At the end of the meeting, instead of listening to the speaker attempt to reply the points made during the discussion, again they disrupted the proceedings, shouting, standing up, shoving their cameras into people's’ faces and left the room proffering various threats as well as allegations that we had been “paid to tell lies”.

HoVMay2017 7One of the oppositionists most vocal in his threats when leaving the room was C. Javier Rodriguez Rondon, who lives in Brighton and Hove, and had already threatened violence before the meeting (“who knows anything about these rats, so I can beat them up myself”).

What became clear to anyone who attended the meeting was that these people did not come to the meeting just to tell “their truth” or to engage in a debate. Their intention was clearly to disrupt the meeting and prevent anyone else from expressing their points of view. What they clearly revealed was the undemocratic and reactionary nature of the Venezuelan opposition.

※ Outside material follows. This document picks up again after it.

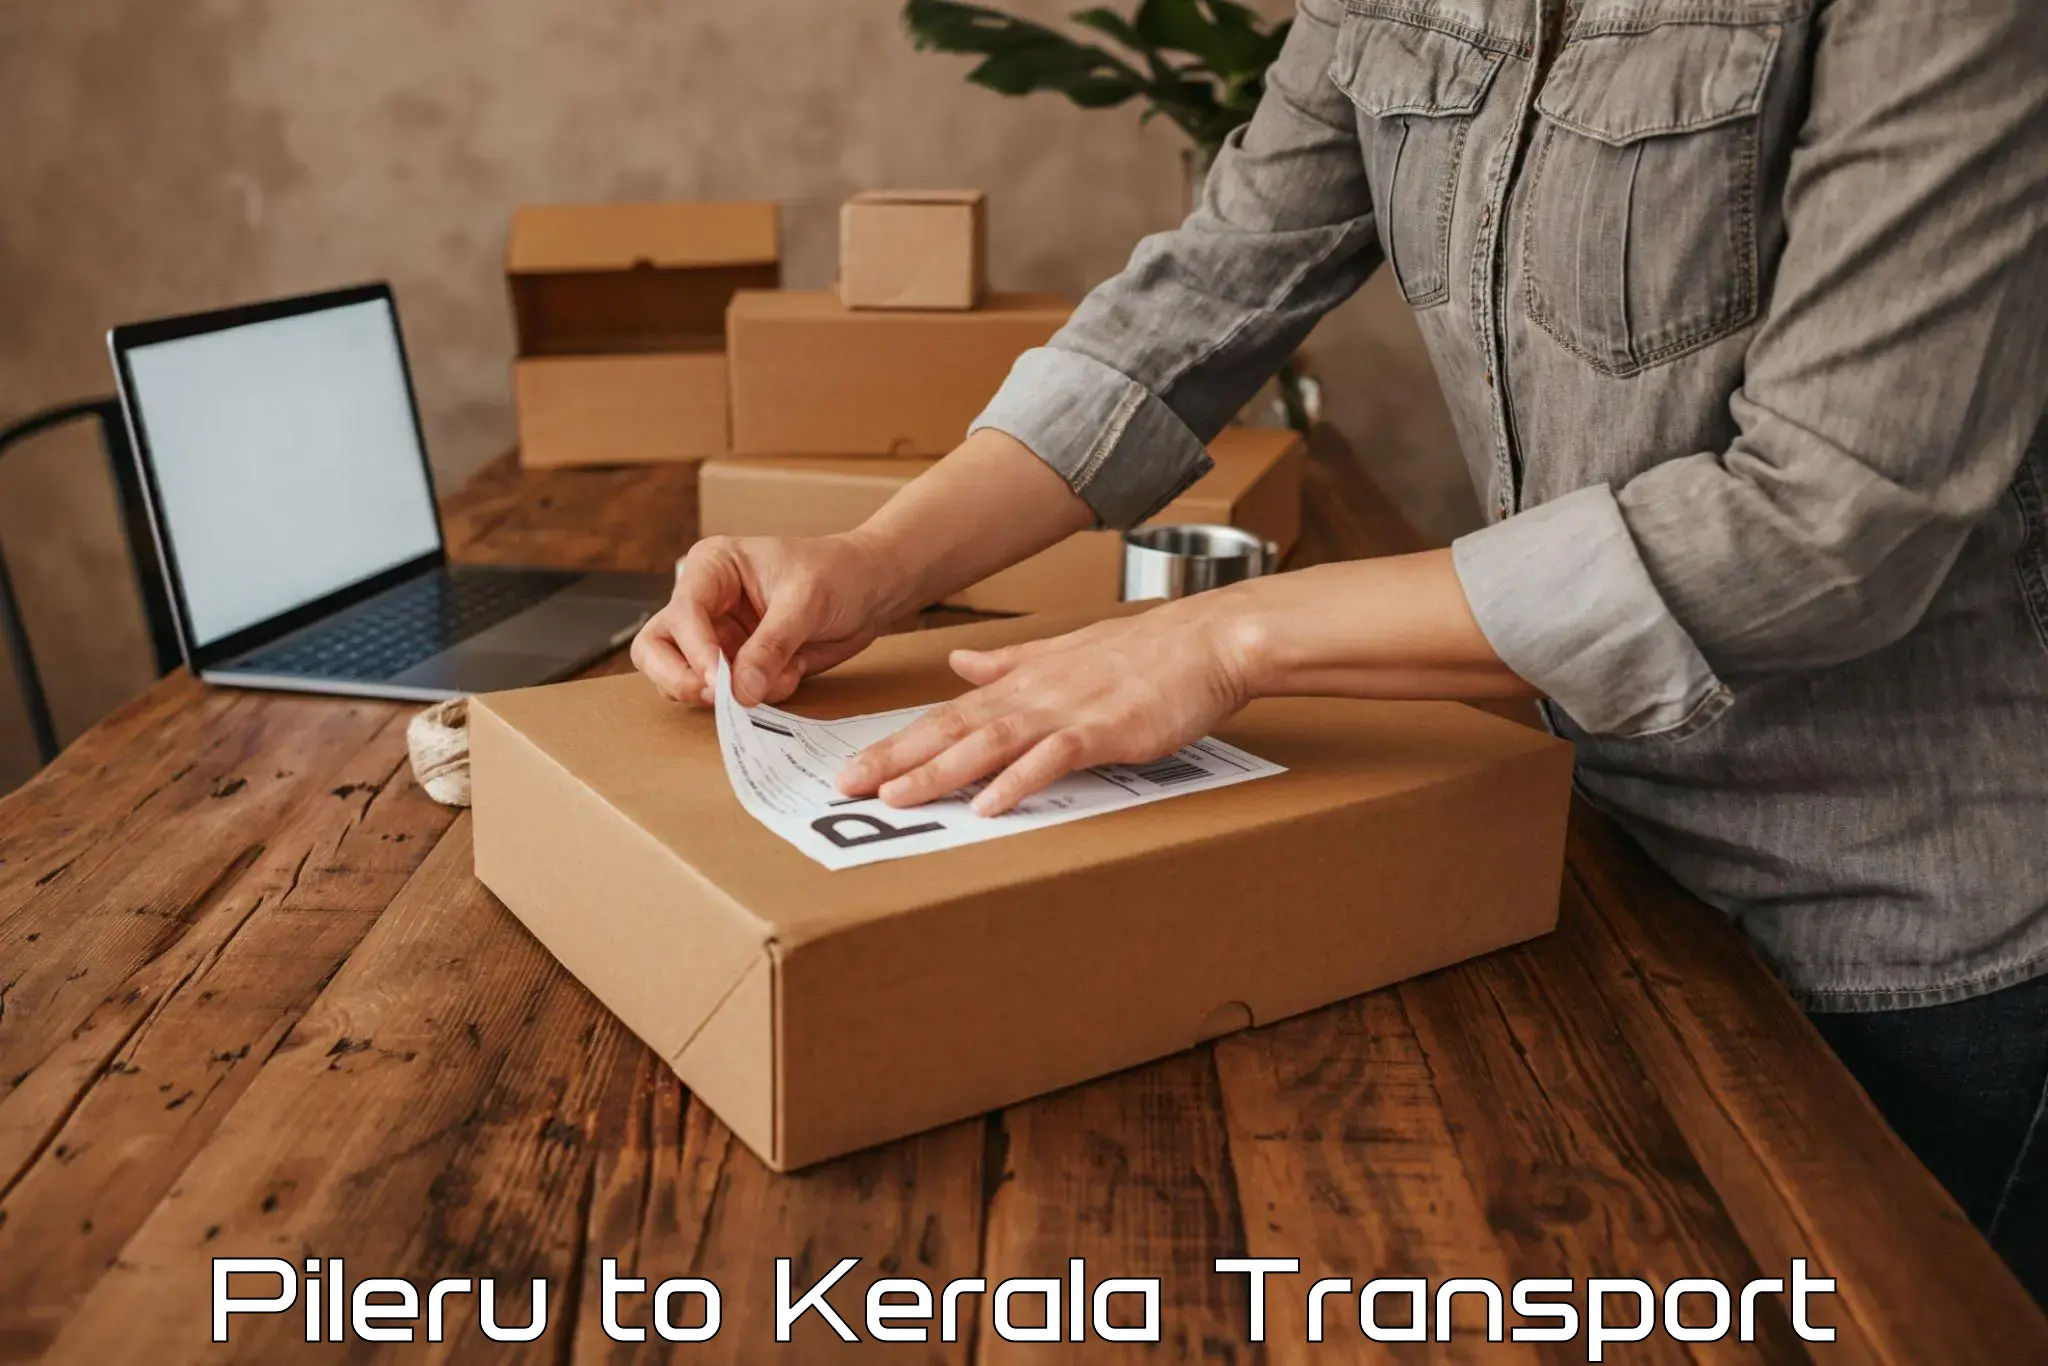 Vehicle transport services Pileru to Kerala

The attempt to disrupt the meeting in London is not an isolated event. Venezuelan opposition supporters have organised a lynch mob against chavistas abroad, publishing the names and addresses of supporters of the revolution, government and embassy officials as well as those of their children and relatives and encouraged opposition supporters “to get them”. In Madrid, a threatening mob of opposition supporters besieged a cultural building of the Venezuelan embassy where a solidarity meeting was taking place and did not allow anyone out (with threats of violence) for 5 hours. Once people were finally allowed out, some of them were followed, harassed and punched, as was the case with a Peruvian national.

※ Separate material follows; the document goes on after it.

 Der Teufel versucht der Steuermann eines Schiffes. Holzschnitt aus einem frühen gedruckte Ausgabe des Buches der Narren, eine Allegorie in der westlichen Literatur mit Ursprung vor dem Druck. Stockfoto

HoVMay2017 6Members of Hands Off Venezuela have received threats of violence for the part they played in a solidarity picket at the Venezuelan consulate in Frankfurt. Now threats of violence by someone with open Nazi sympathies have also been issued against HOV activists in Belgium who are participating in the organisation of a solidarity event.

We will not be cowed. We will not change our commitment to defend the Bolivarian revolution just because a few far right thugs attempt to shut us down. We will mobilise the full power of the organised labour movement, the solidarity movement and the democratic and progressive public opinion to defend our right to express our ideas and prevent our meetings from being disrupted by fascist thugs.